Tesla's Dojo system-on-wafer processor (or, as Tesla calls it, the Dojo Training Tile) relies on a 5-by-5 array of known good processor chips (which are reticle size, or close to that) that are placed on a carrier wafer and interconnected using TSMC's integrated fan-out (InFO) technology for wafer-scale interconnections (InFO_SoW). The InFO_SoW technology is designed to enable such high-performance connectivity that 25 dies of Tesla's Dojo would act like a single processor, reports IEEE Spectrum. Meanwhile, to make the wafer-scale processor uniform, TSMC fills in blank spots between dies with dummies.

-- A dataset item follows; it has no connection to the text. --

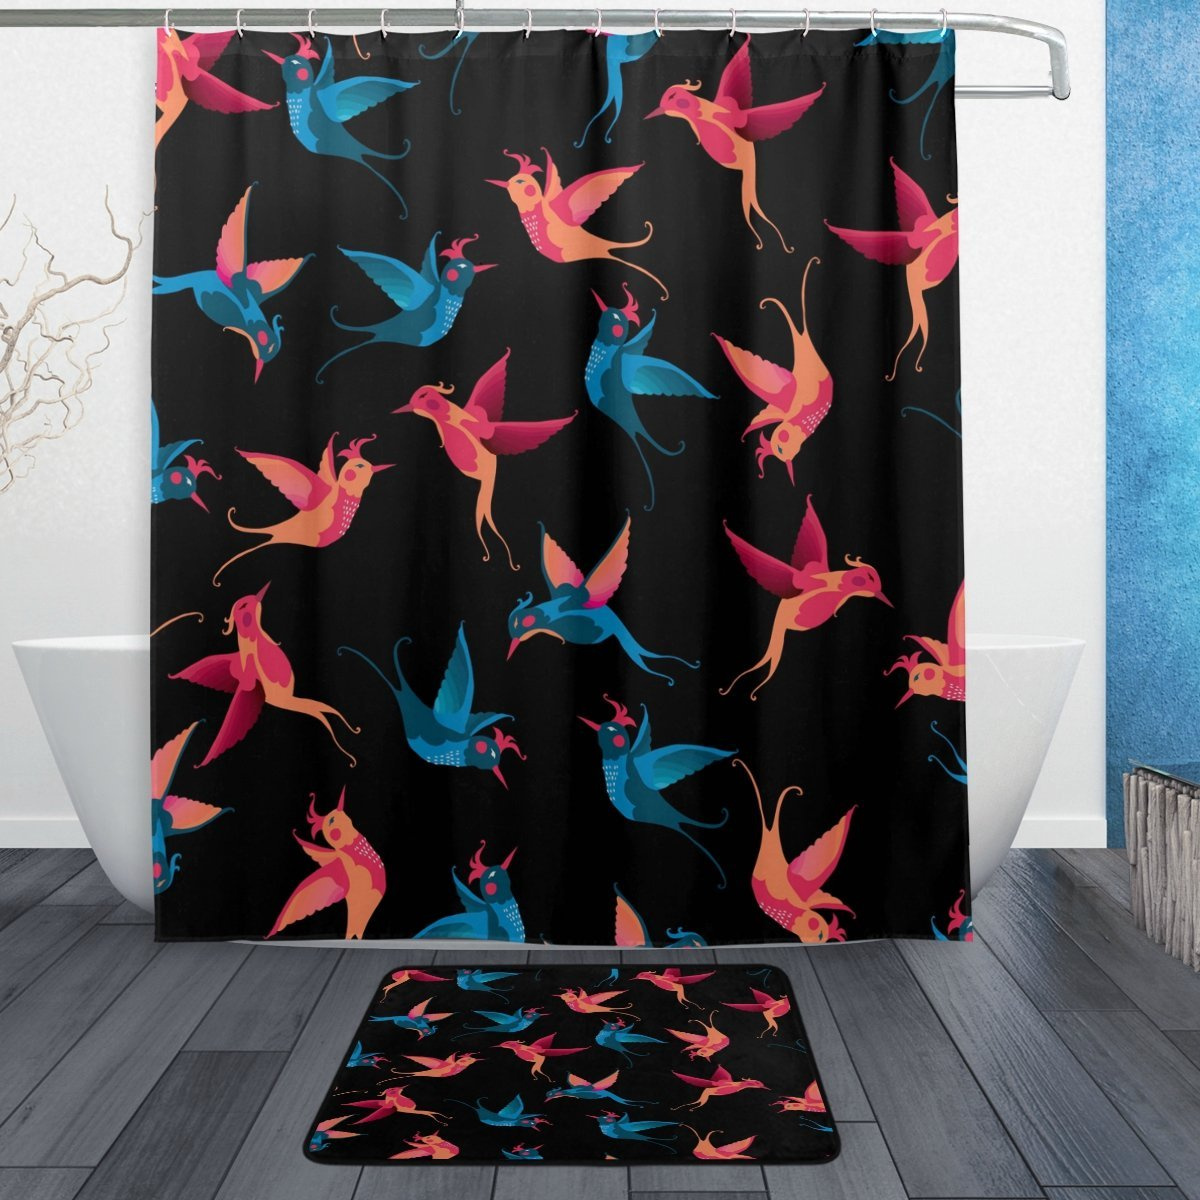 Colorful Bird Waterproof Polyester Fabric Shower Curtain with Hooks Doormat Bath Floor Mat Bathroom Home Decor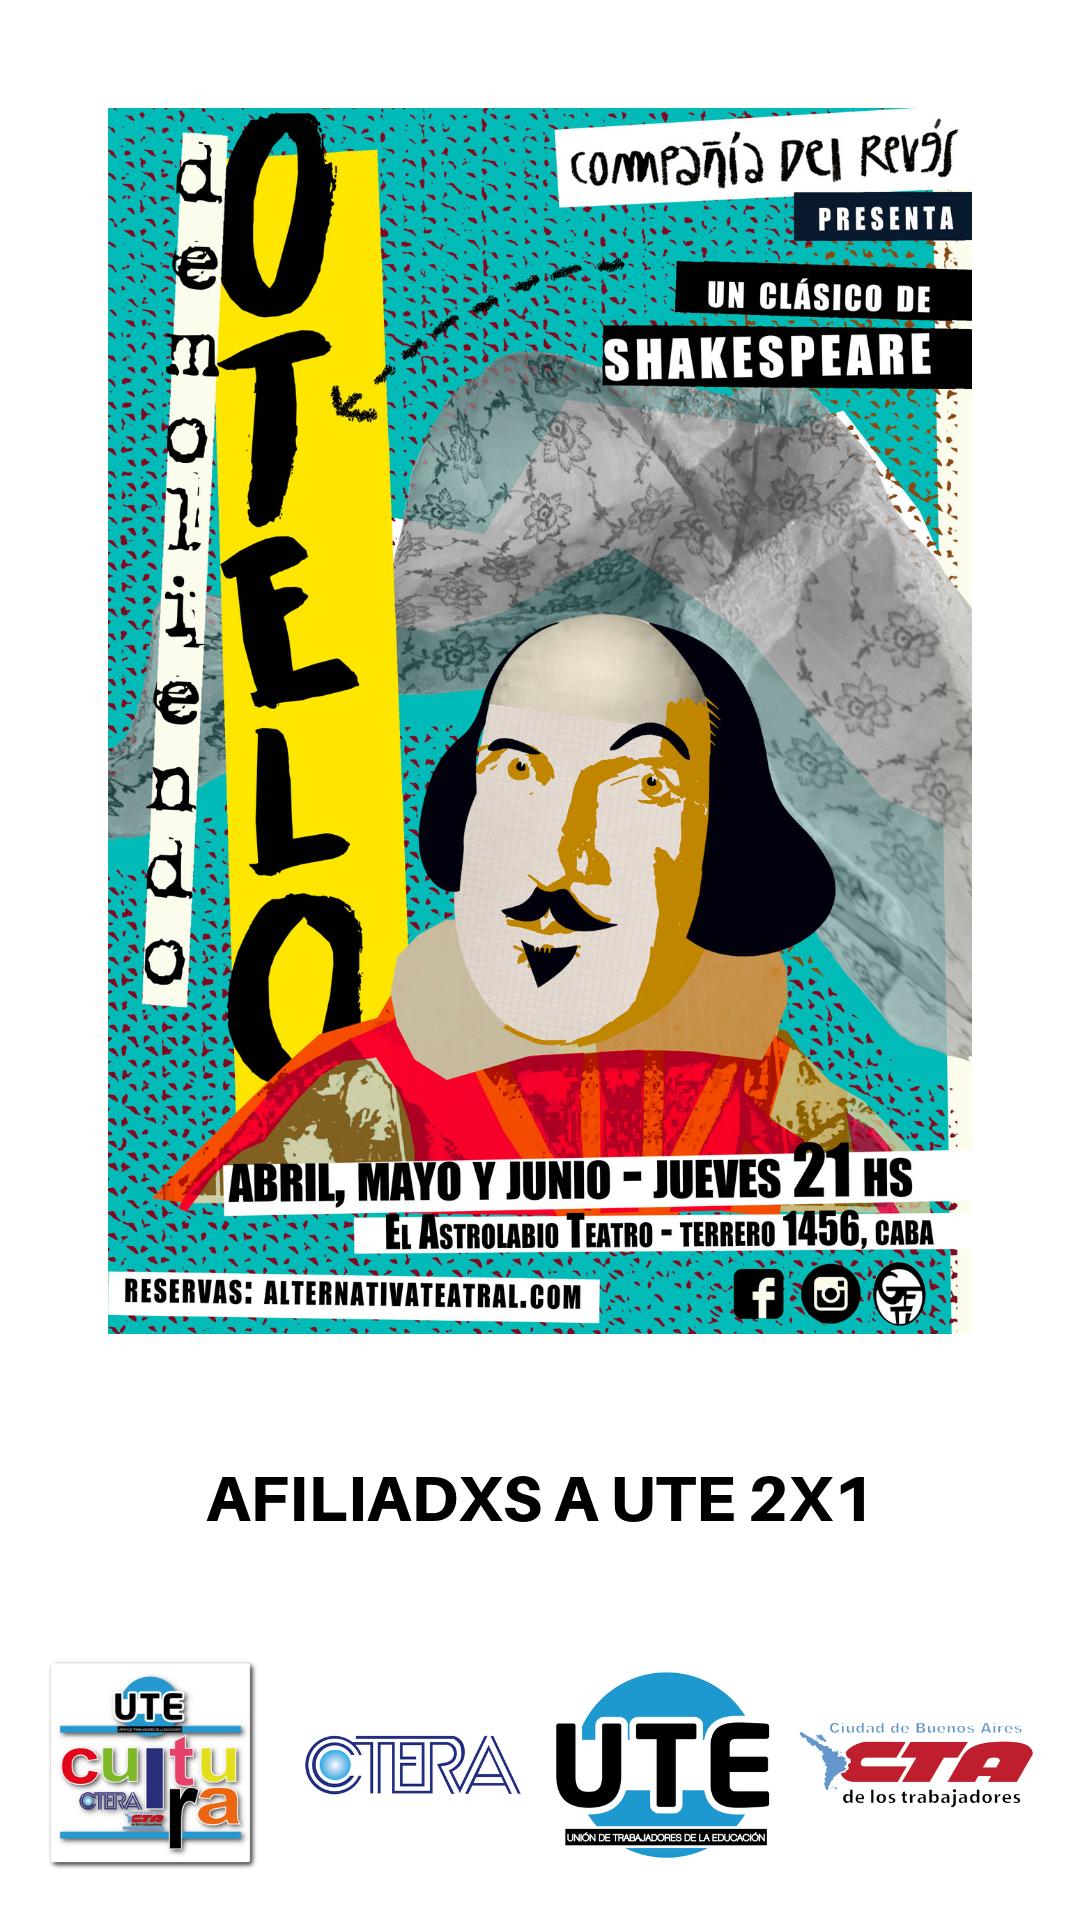 DEMOLIENDO OTELO de Compañia del Revés - 2x1 para afiliadxs a UTE

Since the Tesla Dojo Training Tile essentially packs 25 ultra-high-performance processors, it is exceptionally power hungry and requires a sophisticated cooling system. To feed the system-on-wafer, Tesla uses a highly complex voltage-regulating module that delivers 18,000 Amps of power to the compute plane. The latter dissipates as much as 15,000W of heat and thus requires liquid cooling.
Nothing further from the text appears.